Although there is strong agreement that H. pylori causes cancer, there is little consensus on whether and when this carcinogenic process can be reversed. The clinical trial of pre-neoplastic lesions by Fukase et al.  suggests that benefits can come very late in the malignant process, even after cancer has already begun. This conflicts with other human data that demonstrate continued disease progression in many individuals after H. pylori eradication. Moreover, it conflicts with the randomized clinical trial of Wong et al.  that revealed no benefits of H. pylori treatment in those with pre-neoplastic conditions. Thus, screening for and treatment of H. pylori infection as a strategy for secondary prevention of gastric cancer remains controversial. The controversy is amplified by data indicating benefits by preventing esophageal adenocarcinoma , asthma , diarrhoea  and even tuberculosis . These data additionally call into some question the advisability of creating a vaccine.
Yet, despite the ongoing academic debate, several important consensus groups have recommended screening and treatment of those at highest risk of malignancy (i.e. those with a family history of cancer, with prior gastric surgery, or with documented atrophic gastritis) . These same guidelines do not discourage broader screening based on individual choice. This last point conforms with the view of a number of H. pylori experts who have strongly advocated screening and treatment of wide swaths of the population. Although this is an appealing strategy and numerous studies have indicated it could be cost effective , there are currently no screening and treatment programmes ongoing outside of the research sphere.

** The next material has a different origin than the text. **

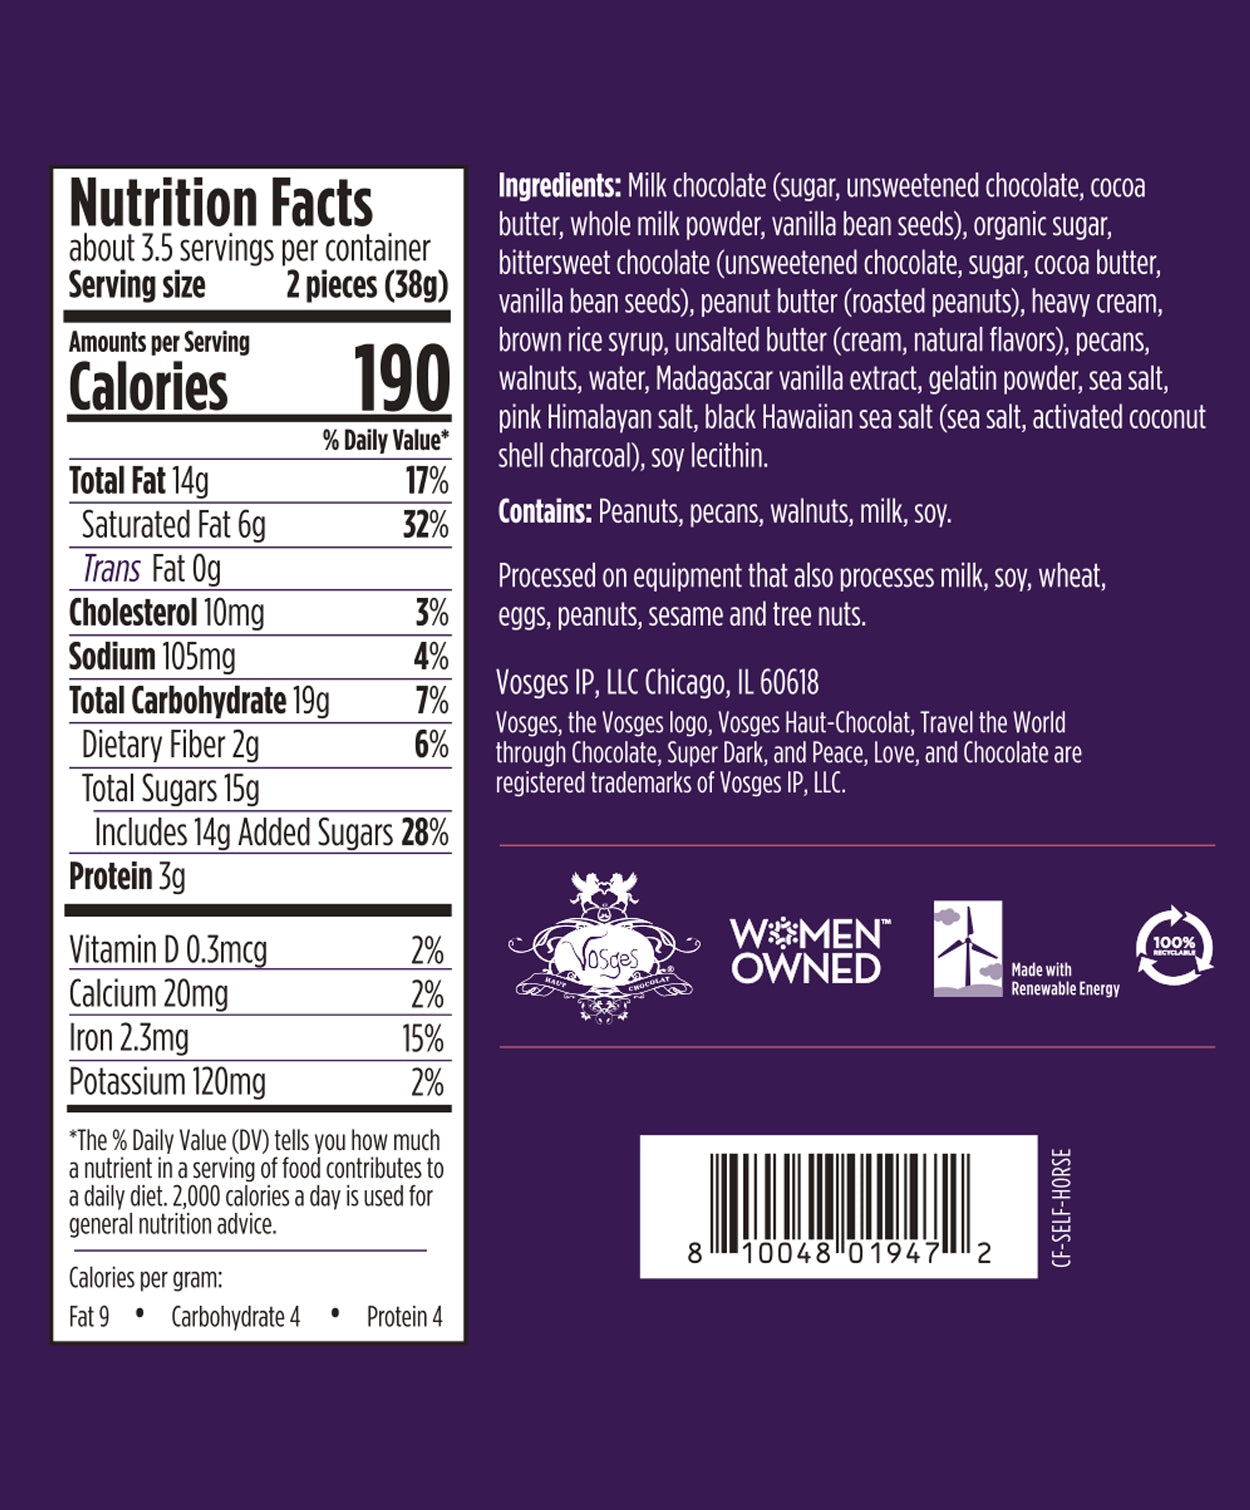 Nutrition Facts and Ingredients of Vosges Haut-Chocolat Self Love in white, san-serif font on a deep purple background.

A promising field is the use of molecular testing to predict clinical outcomes. Currently there is no reliable way to identify, among individuals infected with H. pylori, those with the highest risk of developing gastric cancer. Using high-throughput proteomics, Khoder et al.  evaluated 129 H. pylori strains from individuals with gastric cancer or duodenal ulcers. After identifying 18 statistically significant biomarkers, there were three proteins that predicted progression to cancer; these included a neutrophil-activating protein NapA, a RNA-binding protein, and a DNA-binding histone-like protein. These novel biomarkers could potentially be used as diagnostic assays to predict the evolution to gastric cancer. The usefulness of this approach in patients without pre-cancerous lesions is not clear , but it is an interesting avenue for future research.

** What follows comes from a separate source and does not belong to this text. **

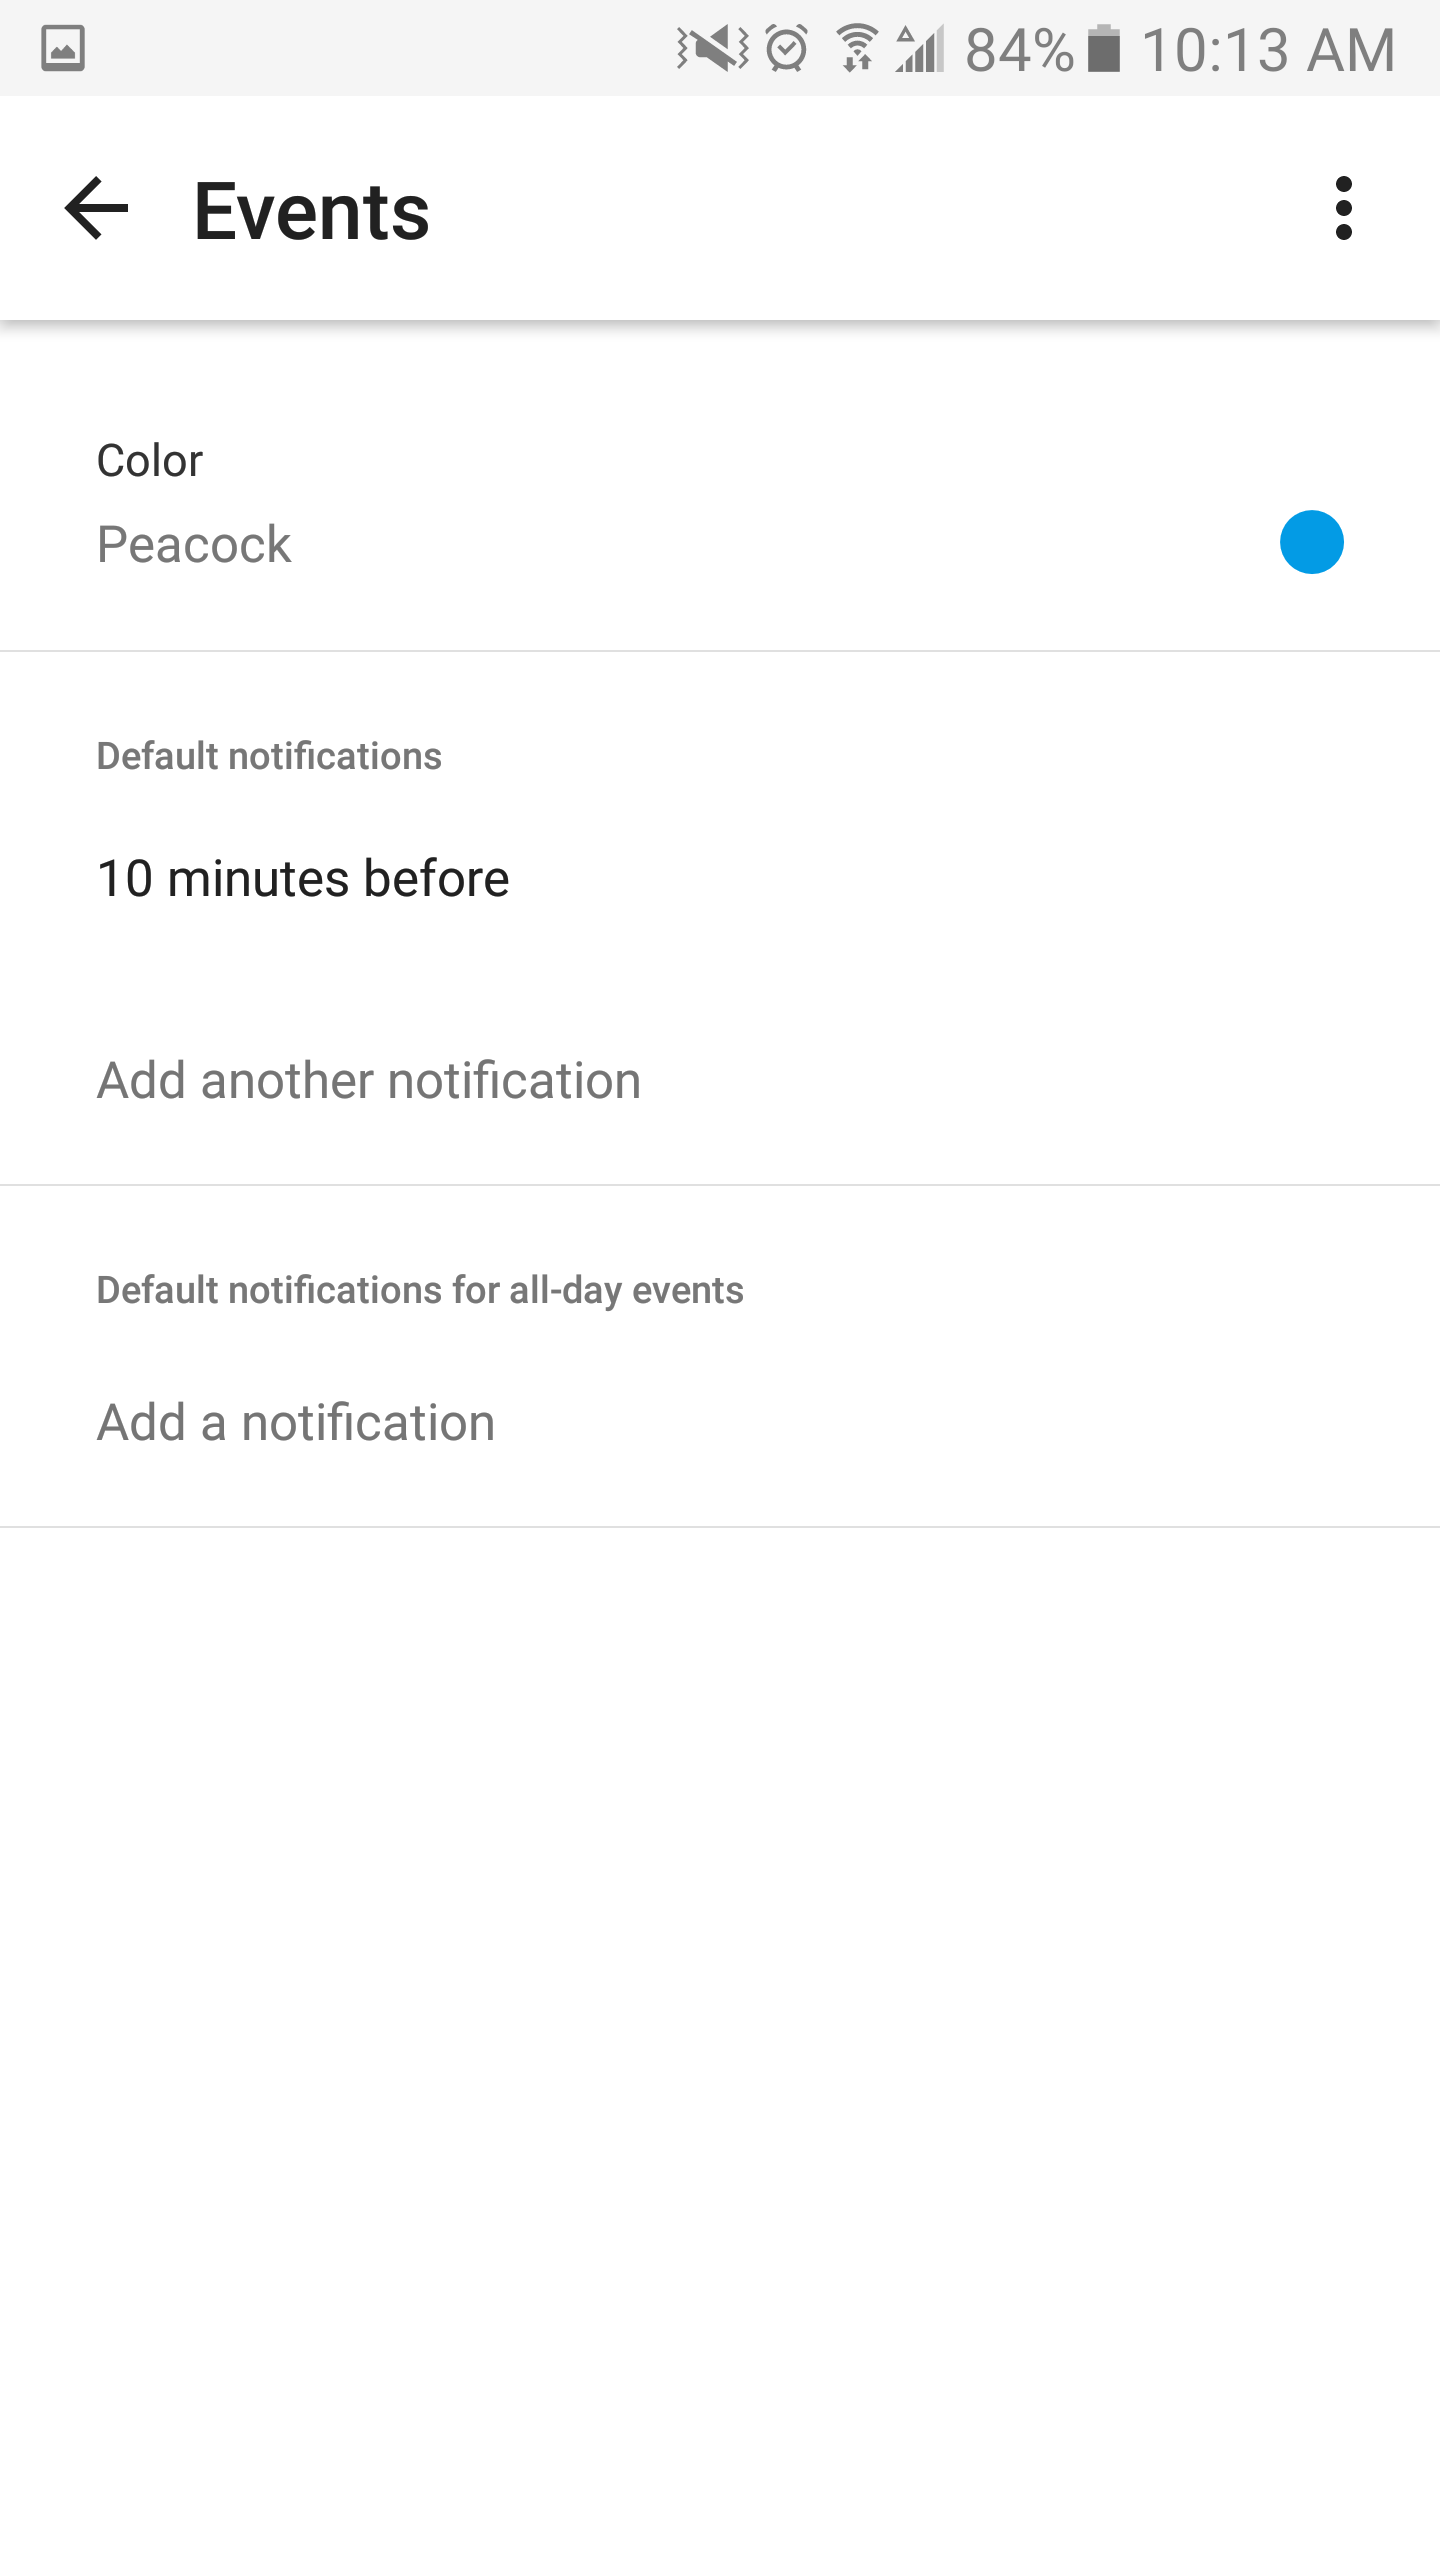 Android calendar app settings, events display

H. pylori causes the majority of the world’s gastric cancers. With this knowledge comes the power to potentially control and eliminate this highly lethal disease. To date, however, we have not yet reached a consensus on whether or not to exterminate this microbe from the human host. It is possible that the answer may vary for different populations at different levels of risk of disease. In the absence of human intervention, we are fortunate that H. pylori appears to be disappearing from many human populations spontaneously. With this natural experiment, we will undoubtedly glean further data to inform us of our best approach worldwide to infection and disease.
Both authors declare no conflict of interest.